ConclusionBy default the command line tools blastp, blastx, tblastn, rpsblast and rpstblastn for protein databases all use CBS, and so requesting N=1 we get an internal limit N_i = 52.
However, with blastn and tblastx for nucleotide databases, there is no CBS mode, and so with N=1 we get the much lower internal limit N_i = 10.
Evidently for the Shah et al. (2018) test case, even with the database de-duplicated as described in my earlier post, N_i = 10 is not big enough, and this heuristic limit is affecting the top hit returned when only one alignment is requested.
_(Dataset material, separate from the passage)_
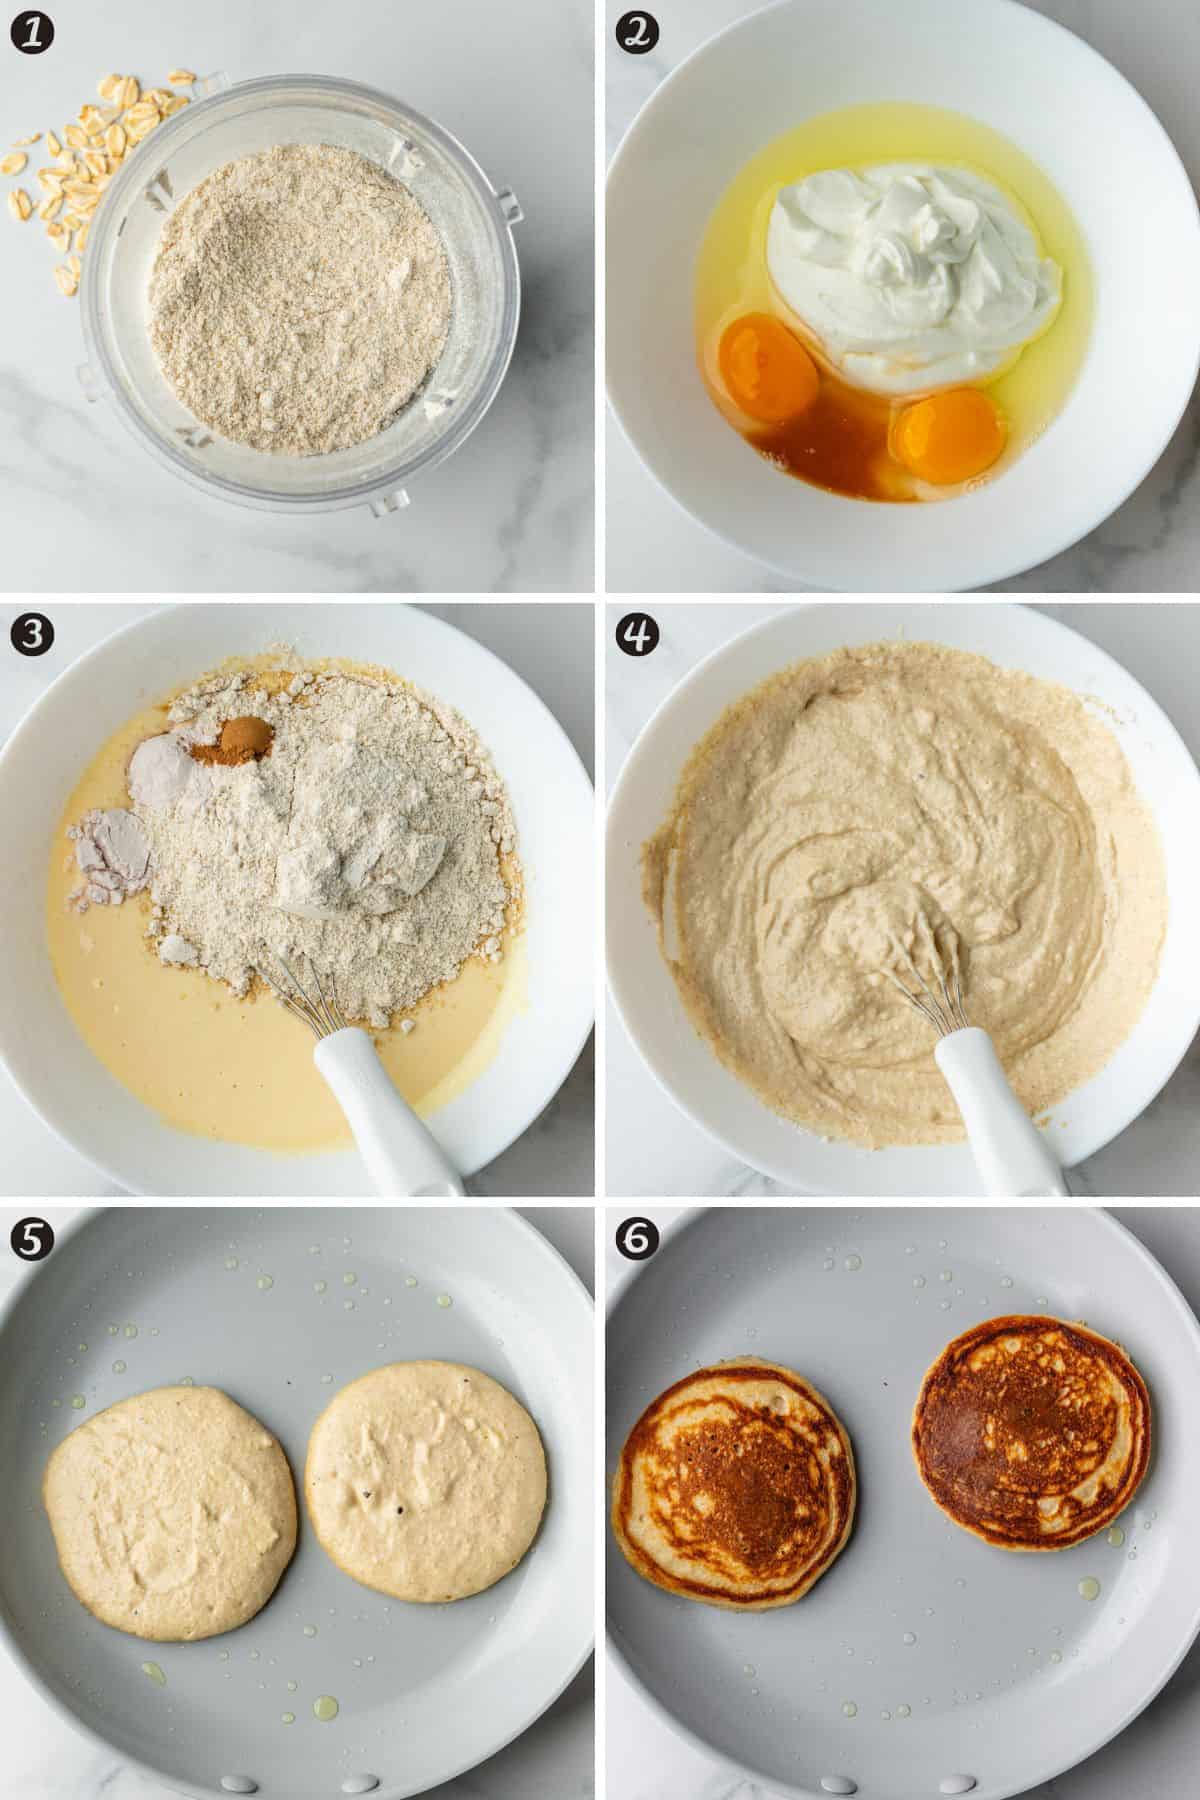 Steps on how to make Greek yogurt pancakes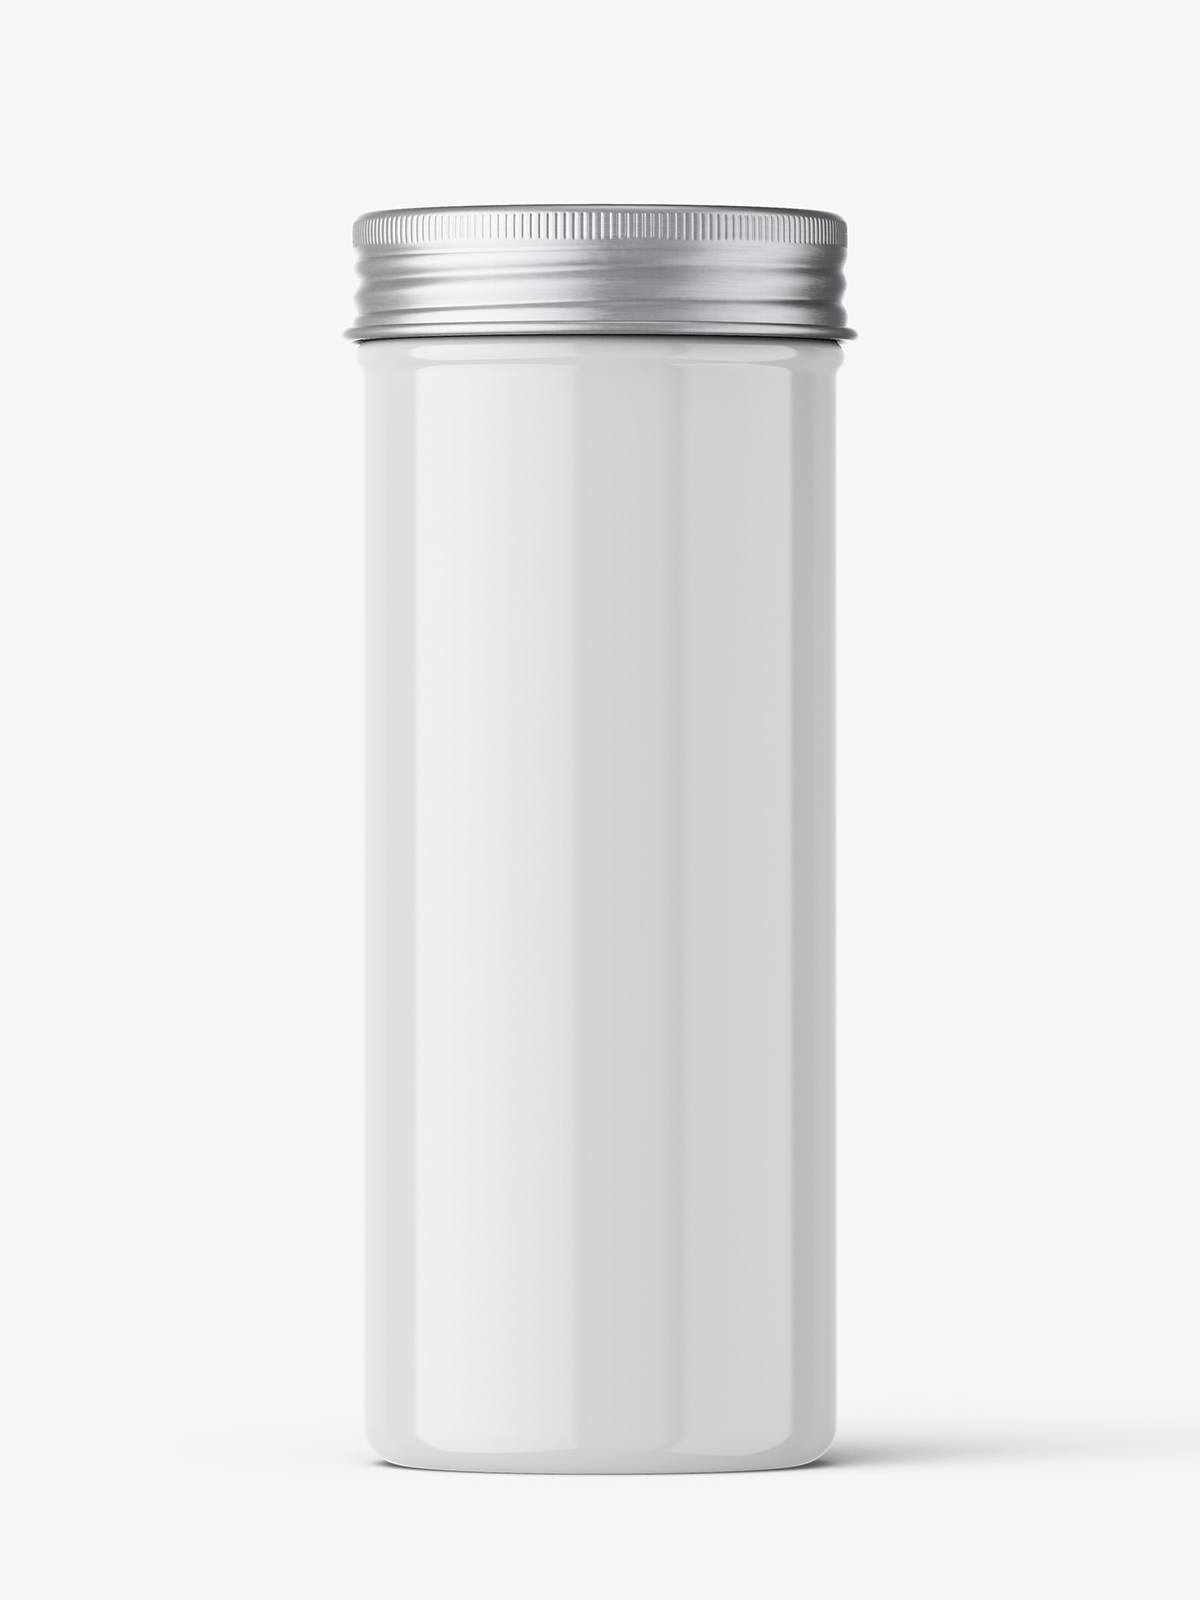 Download Jar With Metallic Cap Glossy Smarty Mockups

In summary, if you are using the alignment limits like -max_target_seqs 1, then it is especially important to avoid duplicates in a nucleotide BLAST database.
Update (14 November 2018)Corrected the decade of the most recent SVN commit of interest, 15 April 2008 (SVN revision 37584). It was not 15 April 2018, which was what was confusing me. I updated this and the start of the paragraph accordingly (with note added in italics). It would be interesting to go over the "legacy" BLAST release notes from that period.
The NCBI have also updated the Appendix entry "Outline of the BLAST process" again, which is now much clearer about this limit, and the minimum value of 10.